## Activity:
Return the data that follows exactly as it appears. Pictures do not belong in the copy.

## Information shown:

========

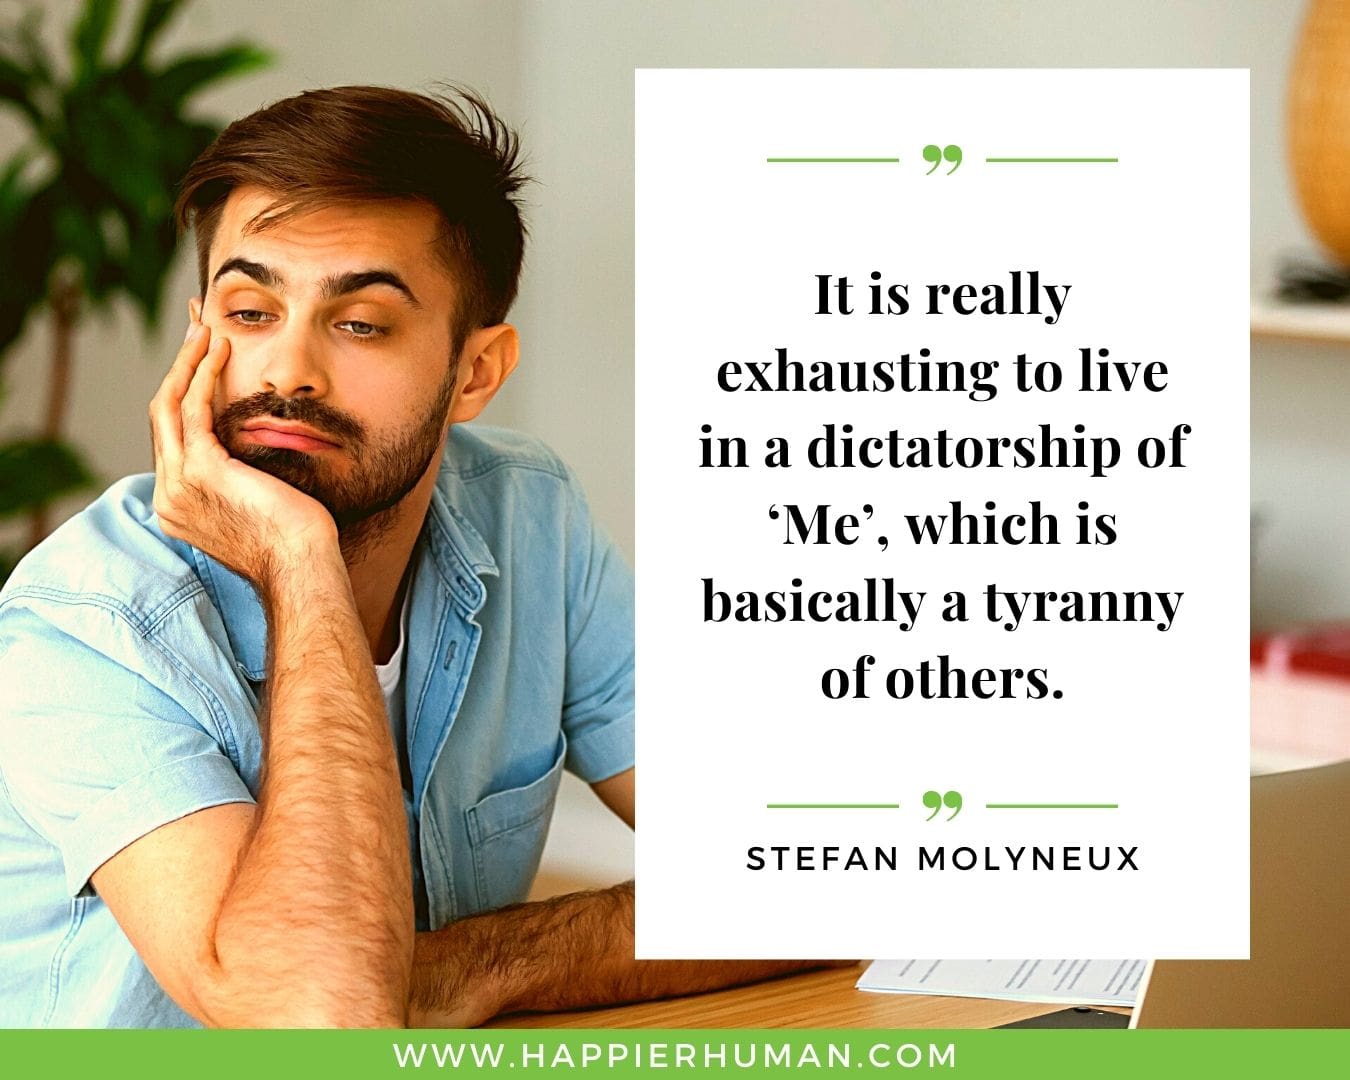 Toxic People Quotes - “It is really exhausting to live in a dictatorship of ‘Me’, which is basically a tyranny of others.” – Stefan Molyneux
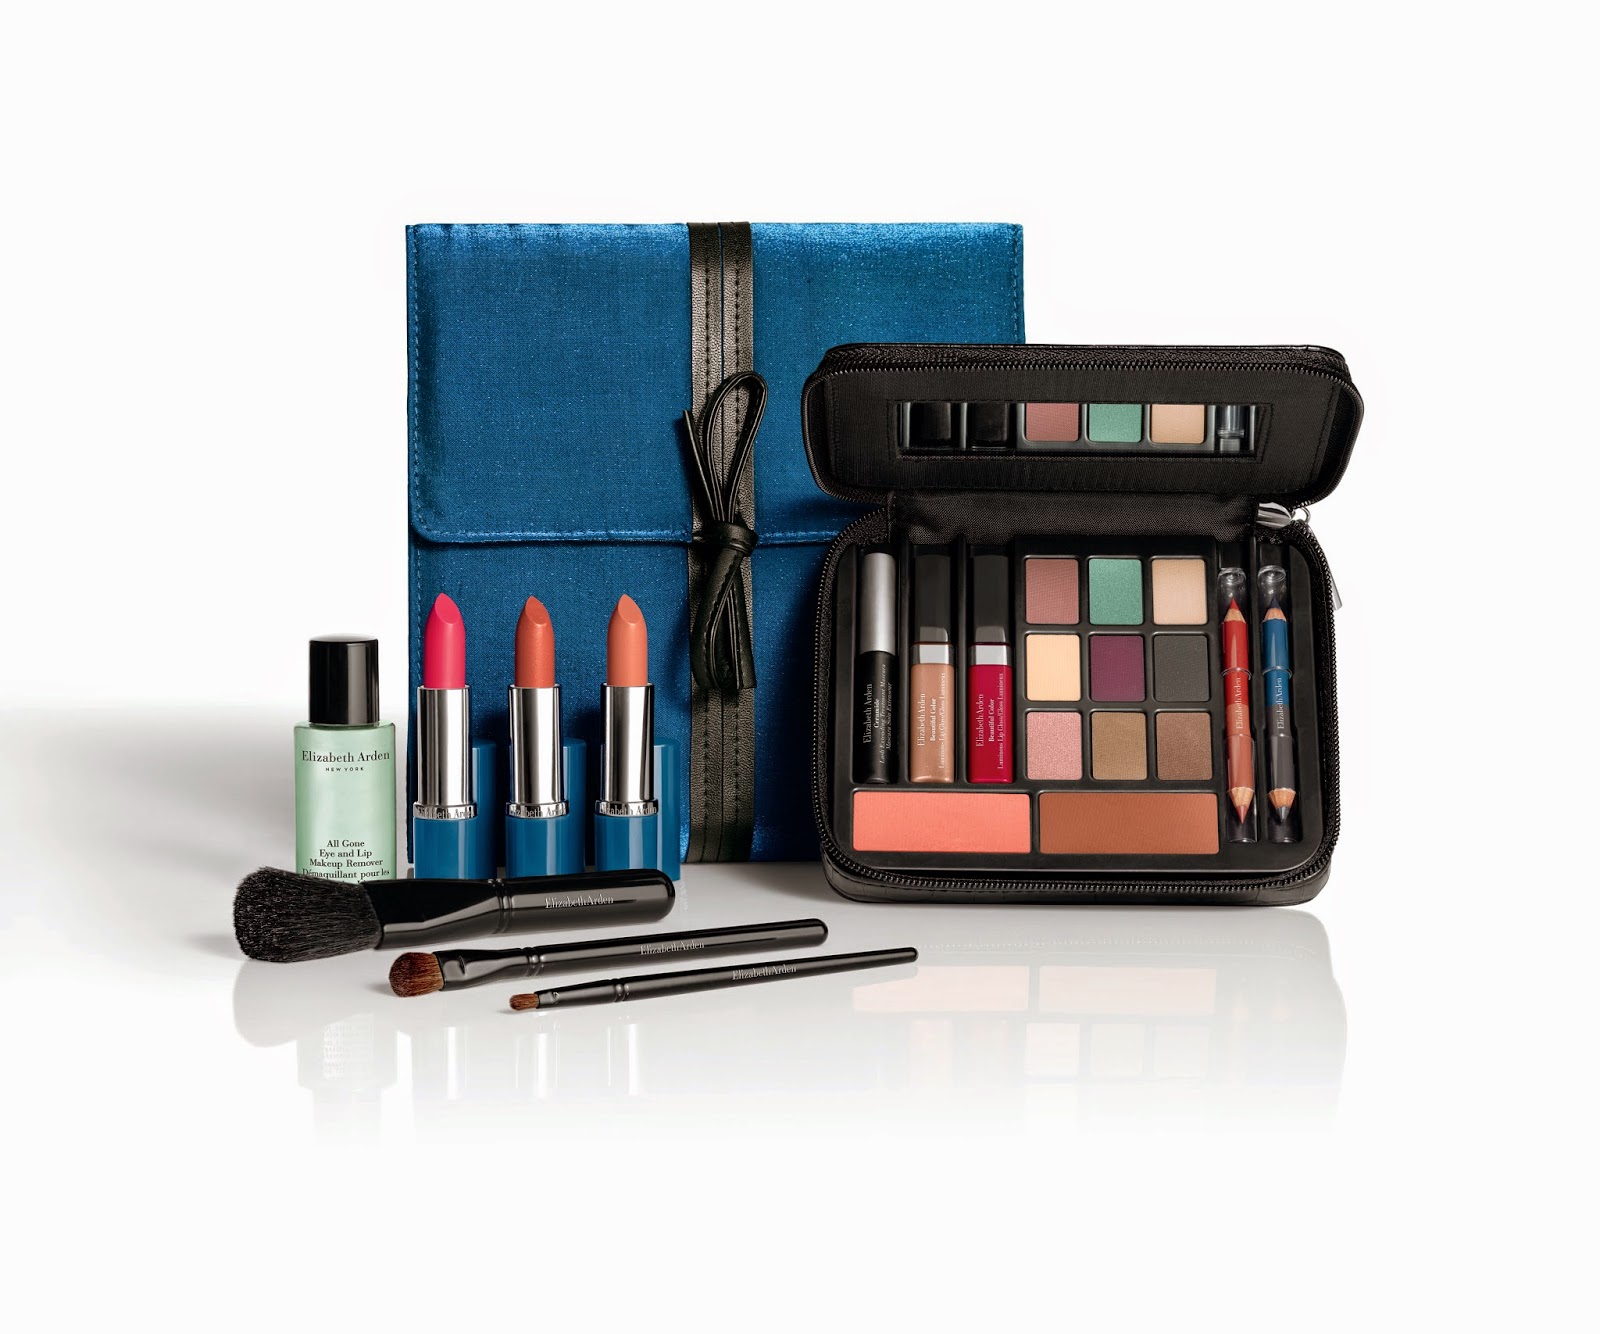 MOTHER'S DAY GIFT IDEAS FROM ELIZABETH ARDEN - MAKEUP BLOCKBUSTER The Beauty & Lifestyle Hunter
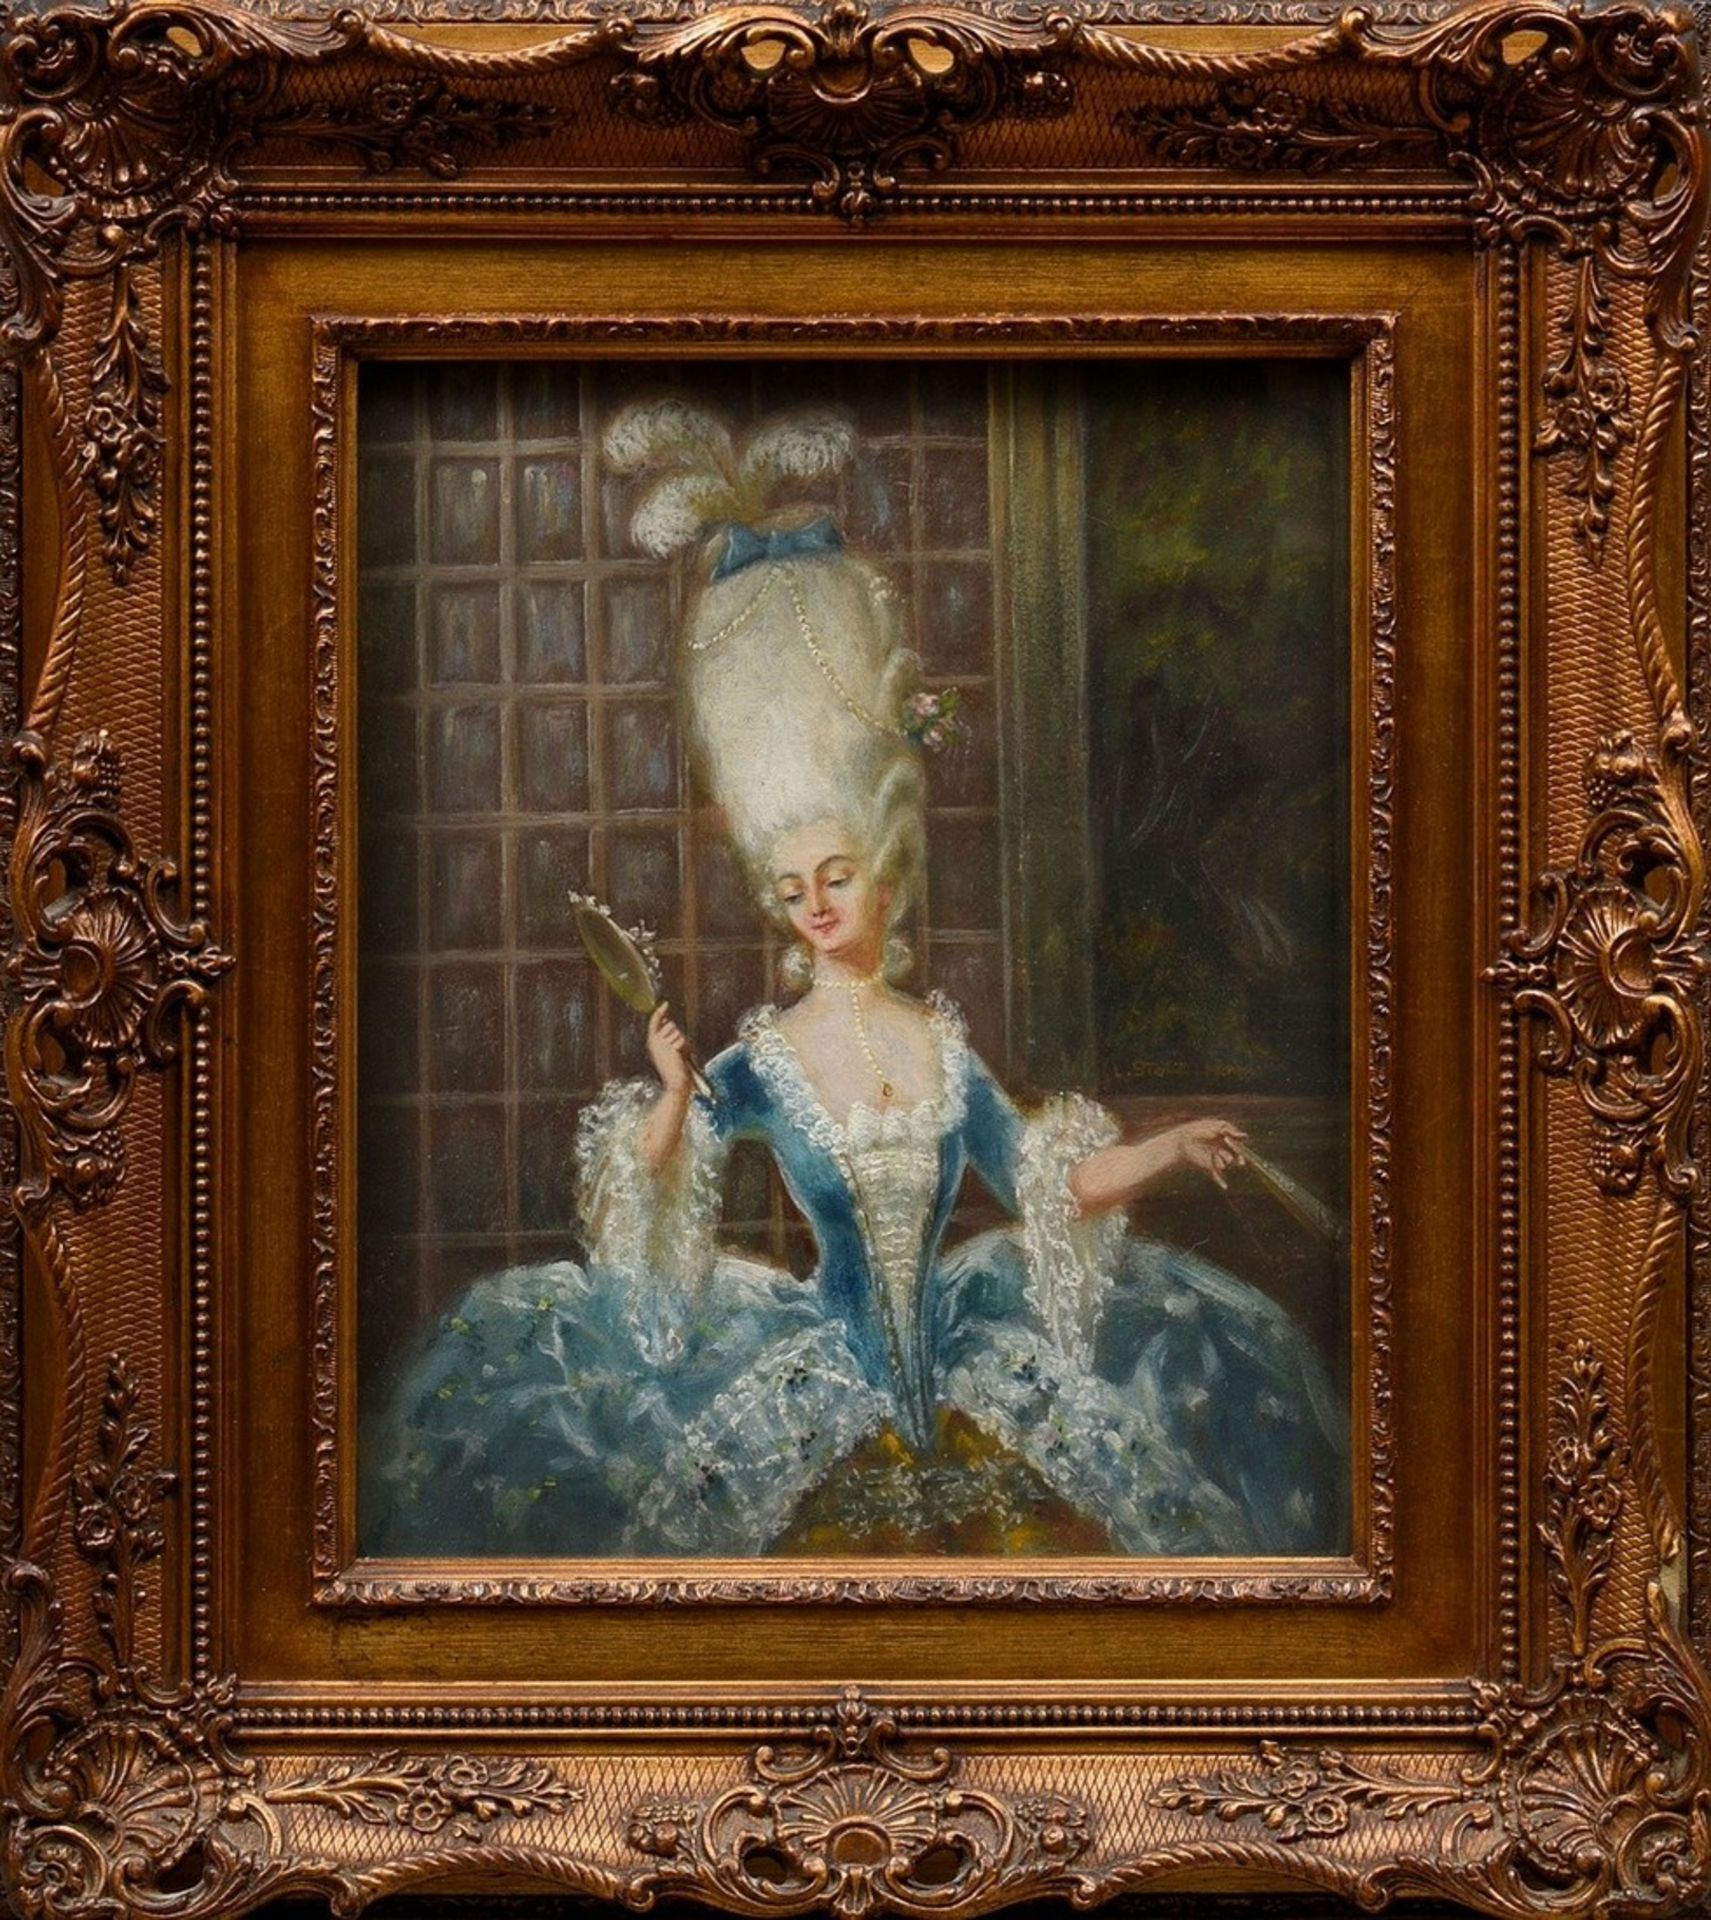 Unknown artist of the late 19th c. (L. Stolz?) "Rococo Lady: La Parure", oil/cardboard, r. sign./in - Image 2 of 4
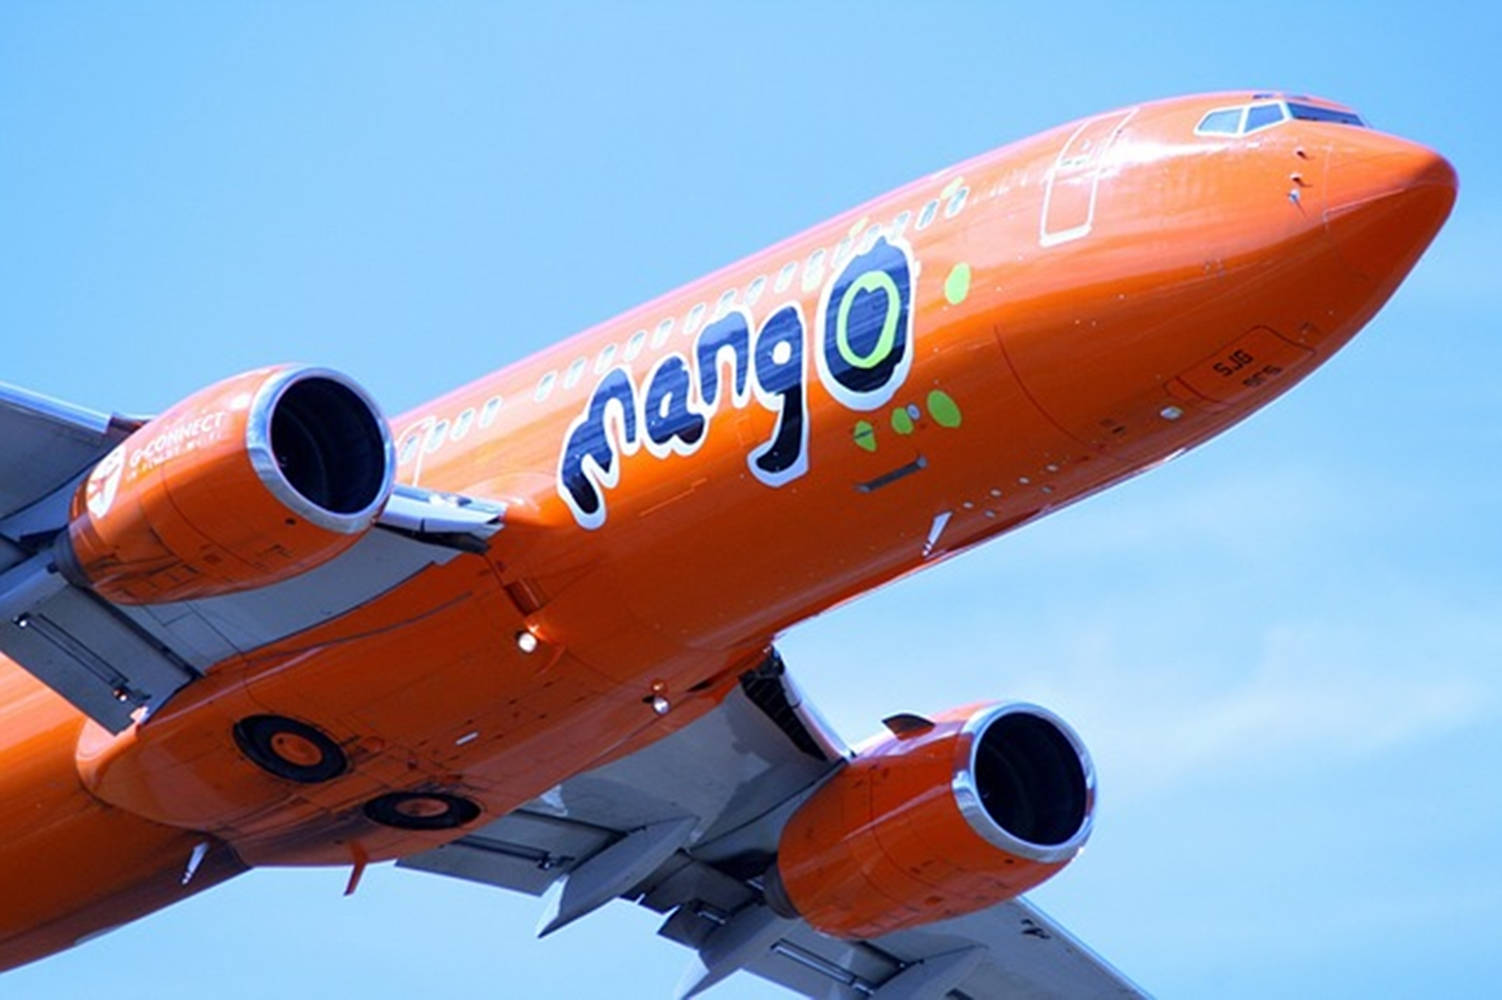 Mango Airlines Logo On Aircraft Background

========

## The completed task:
 Toxic People Quotes - “It is really exhausting to live in a dictatorship of ‘Me’, which is basically a tyranny of others.” – Stefan Molyneux
 MOTHER'S DAY GIFT IDEAS FROM ELIZABETH ARDEN - MAKEUP BLOCKBUSTER The Beauty & Lifestyle Hunter
 Unknown artist of the late 19th c. (L. Stolz?) "Rococo Lady: La Parure", oil/cardboard, r. sign./in - Image 2 of 4
 Mango Airlines Logo On Aircraft Background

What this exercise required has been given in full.